The law on delinquency is thus designed to bar juveniles from growing into adult criminals besides dealing with crimes committed by juveniles. Any concept that lacks a definite definition such as delinquency cannot be adequately measured. However, statistics on delinquency are compiled on local, state and national basis. When appraising the significance of such statistics, much care should be taken. Several things can be implied when referring to the quantity of delinquency in a particular area or in a given period of time. One may mean the number of juveniles; say ten to seventeen years of age, who have violated particular standards of behavior which also may not be precisely defined. Again, a reference may be made on the number of such youth who are detected in such behavior.

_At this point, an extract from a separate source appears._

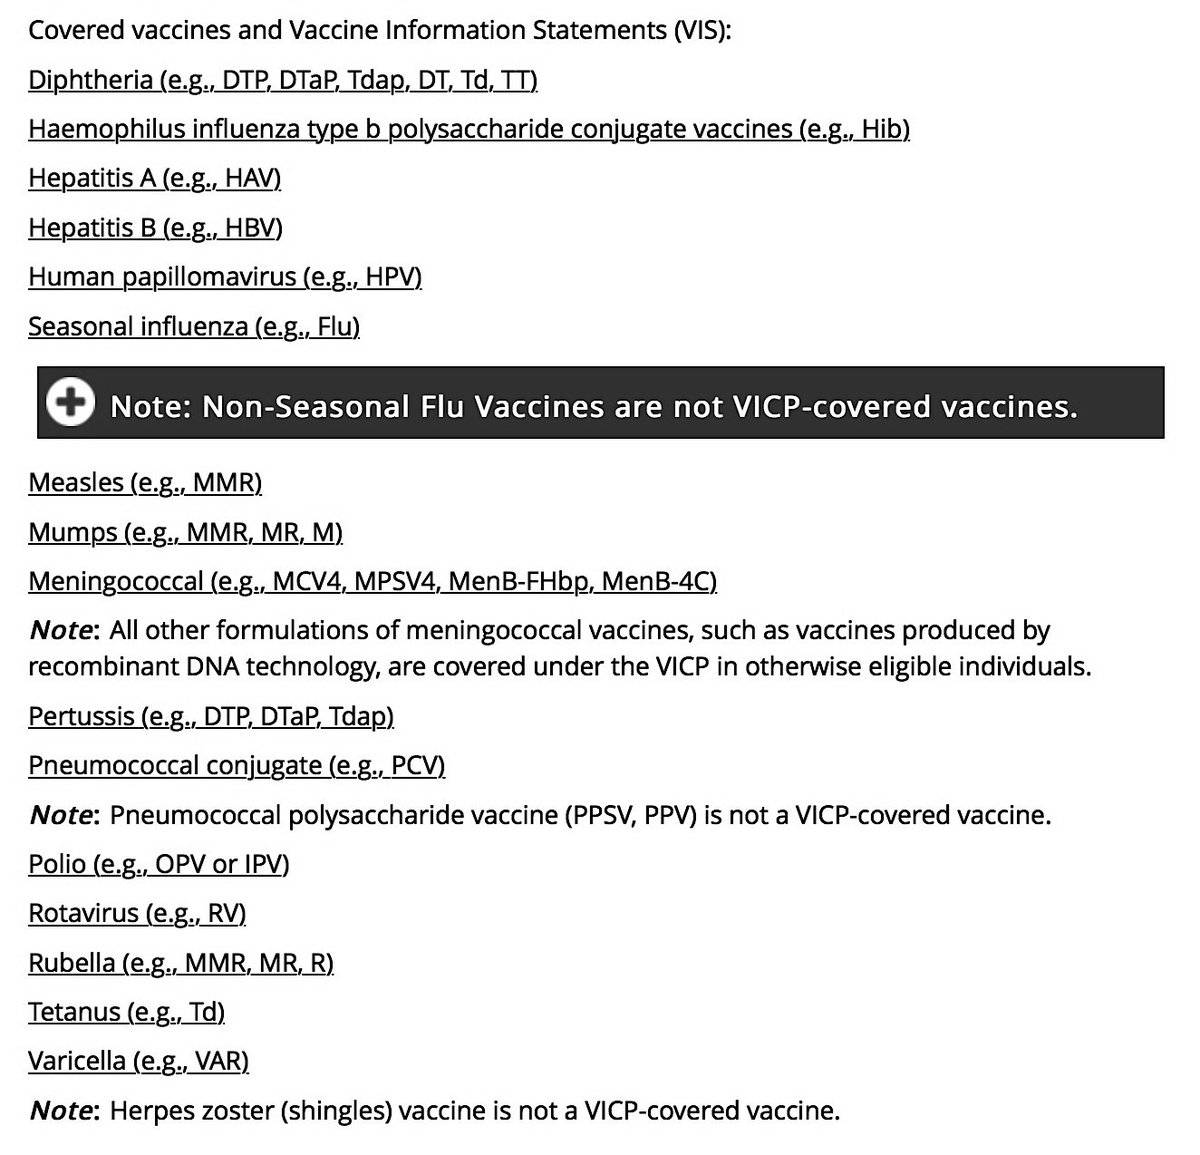 National Vaccine Injury Compensation Program. Covered Vaccines.September, 2018 https://www.hrsa.gov/vaccine-compensation/covered-vaccines/index.htmlComplete Vaccine Injury Table PDF. https://www.hrsa.gov/sites/default/files/hrsa/vaccine-compensation/vaccine-injury-table.pdf #QAnon  #Vaccine  #Autism  @potus

It may also mean the number of cases that have been handled by the official agencies and finally, it may mean the cases that have been formally heard by a juvenile court and adjudged delinquent. In the United States, the most commonly cited statistics on delinquency refer to the court cases which is the narrowest category of delinquents. The Juvenile Court Statistics which is published yearly by the Children’s Bureau of the United States Department of Health, Education and Welfare contain these statistics. The compilation begun in 1923 and has undergone drastic alterations and revisions over the decades. It contains reports on the number of youth’s adjudicated delinquent and is founded on a tabulation of separate court judgments in a particular year.